Recorded data
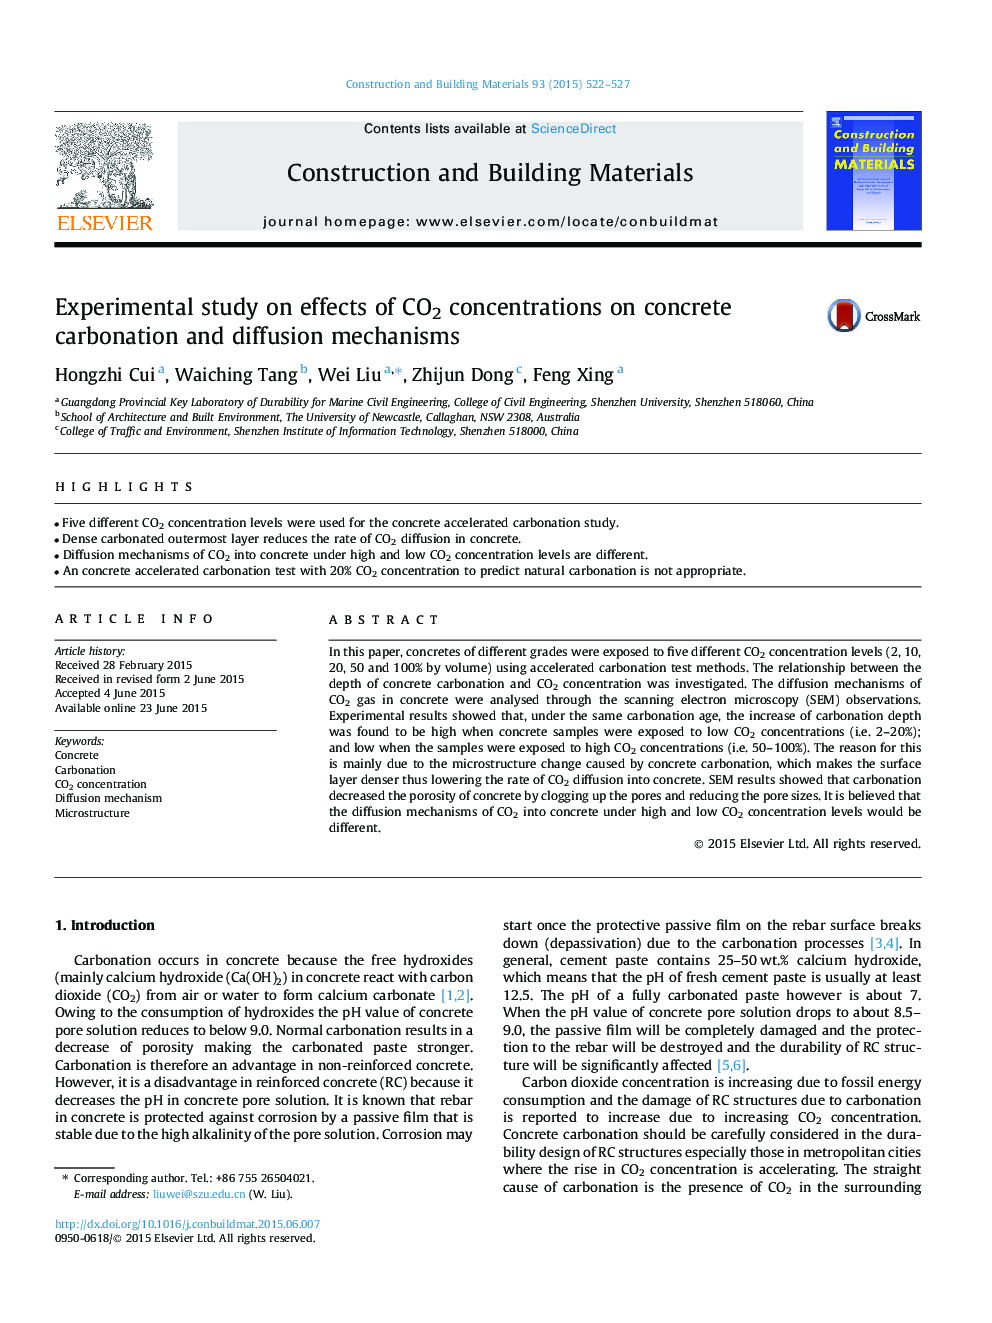 Experimental study on effects of CO2 concentrations on concrete carbonation and diffusion mechanisms
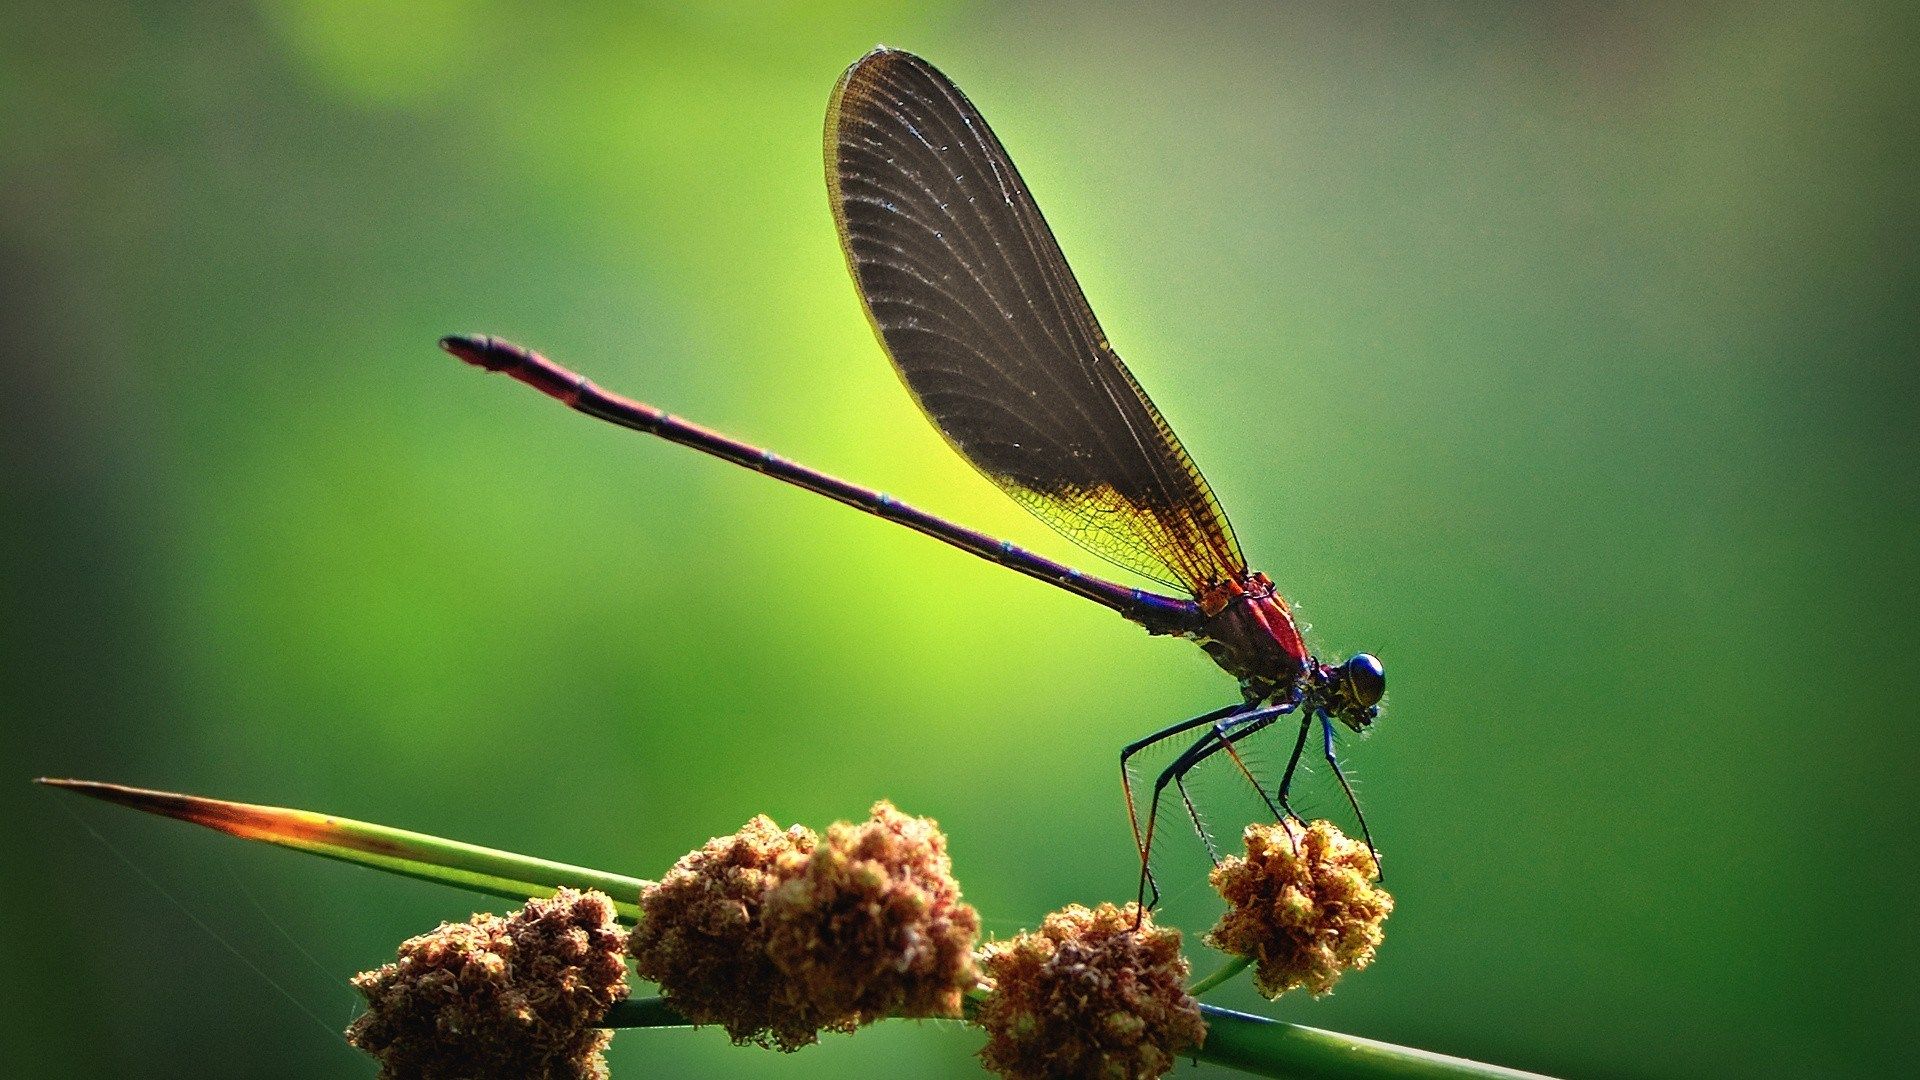 HD wallpaper, Dragonfly, Insect
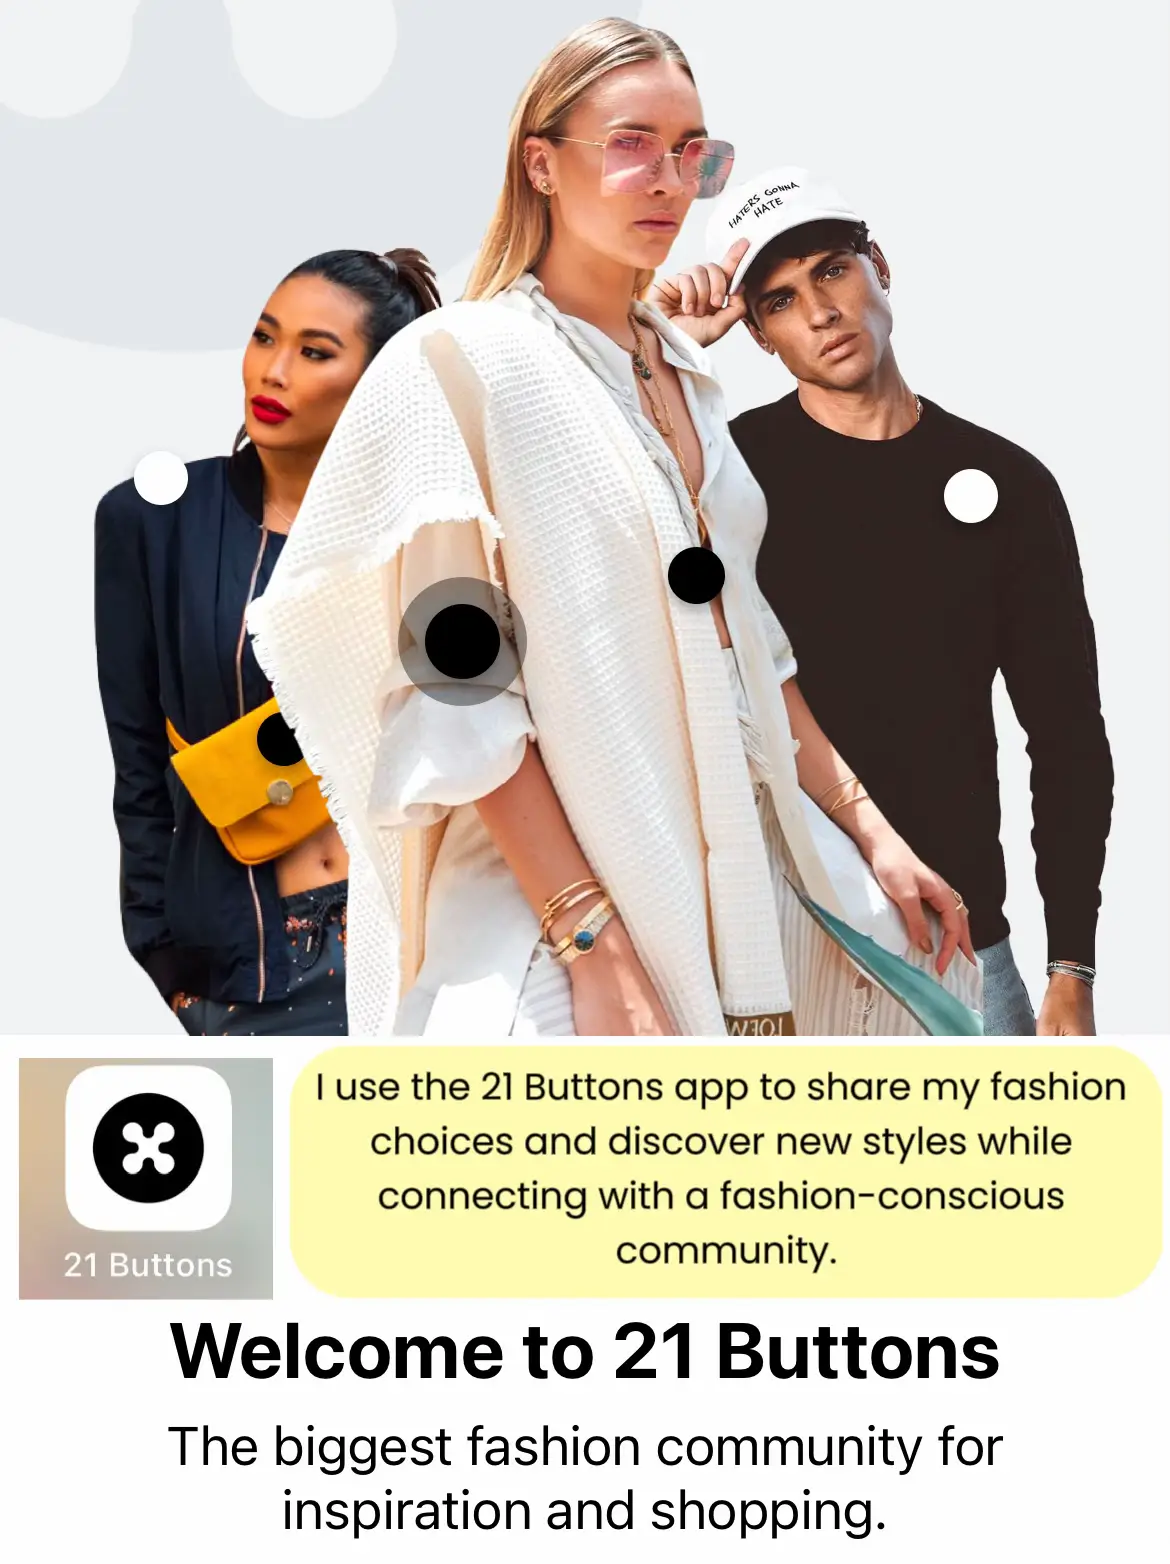 emerging technology for fashion apps - Lemon8 Search
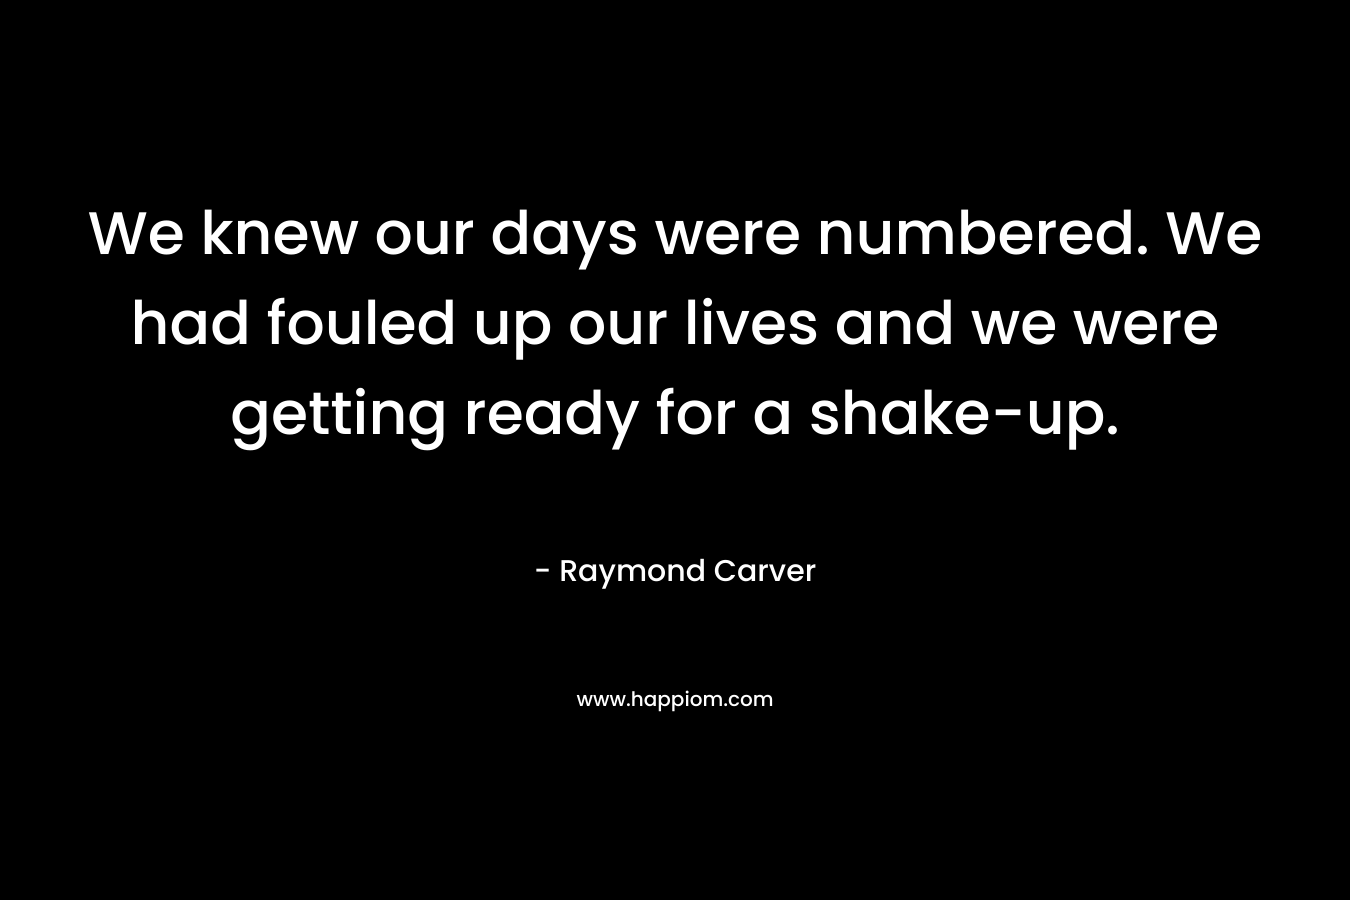 We knew our days were numbered. We had fouled up our lives and we were getting ready for a shake-up. – Raymond Carver
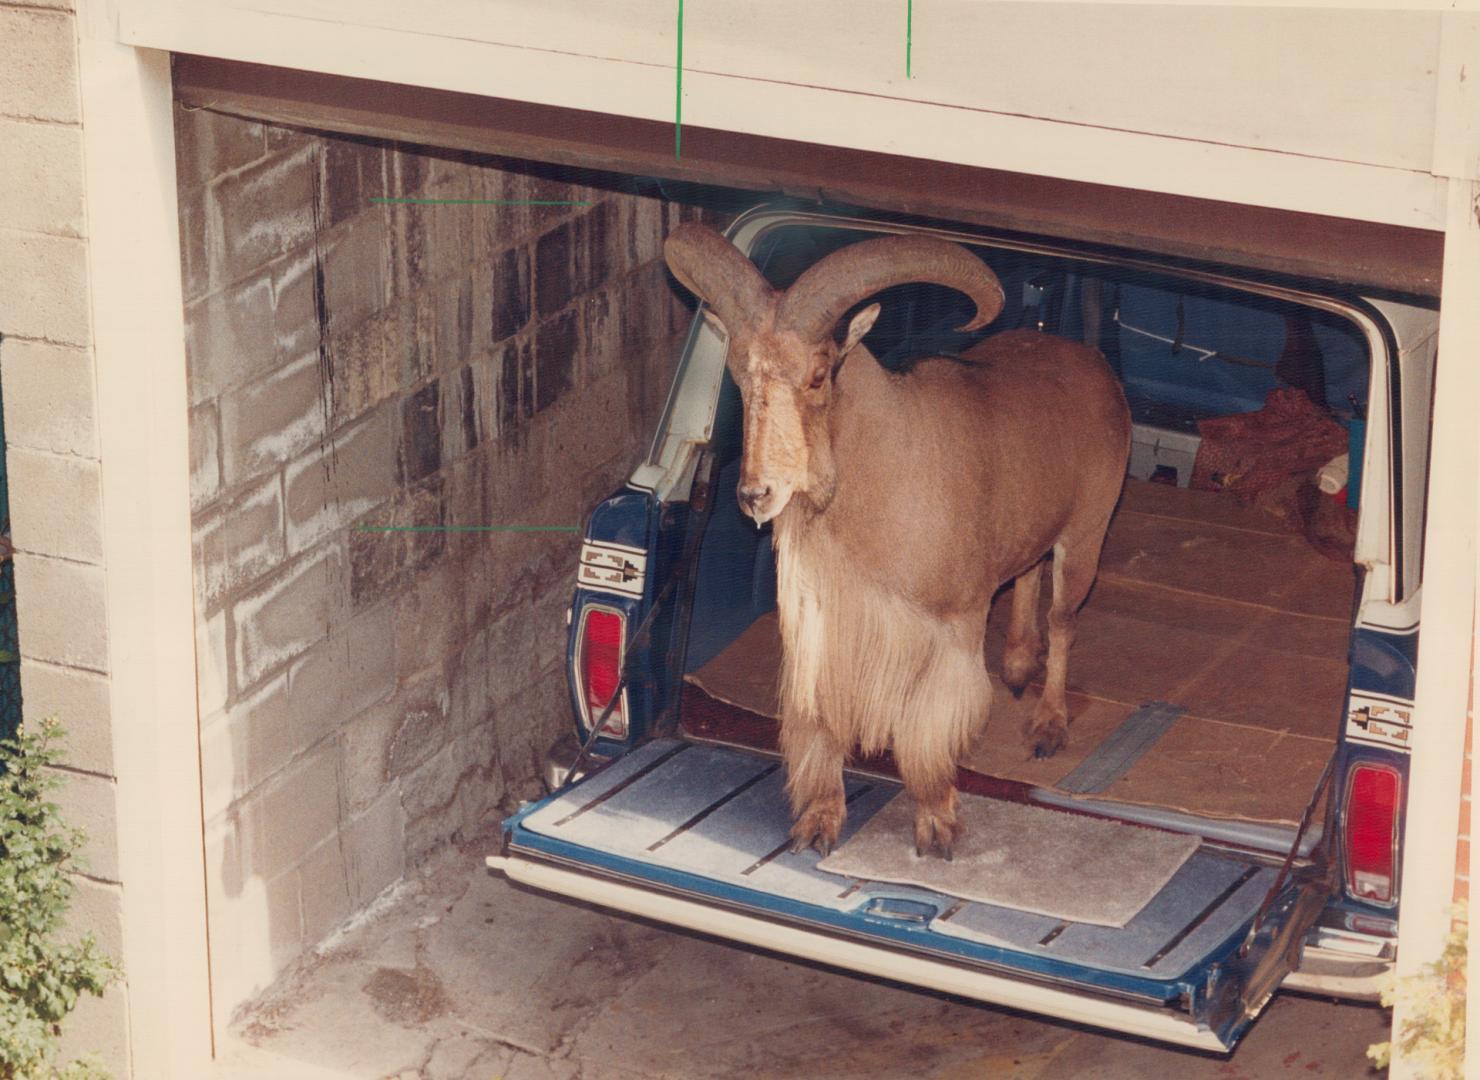 Ram killed: Metro zoo says it probably would have taken Tommy if he was healthy

# [YOUR ASSIGNMENT]
The entries above must be output exactly, with every image left out.

# [TASK SOLUTION]
 Experimental study on effects of CO2 concentrations on concrete carbonation and diffusion mechanisms
 HD wallpaper, Dragonfly, Insect
 emerging technology for fashion apps - Lemon8 Search
 We knew our days were numbered. We had fouled up our lives and we were getting ready for a shake-up. – Raymond Carver
 Ram killed: Metro zoo says it probably would have taken Tommy if he was healthy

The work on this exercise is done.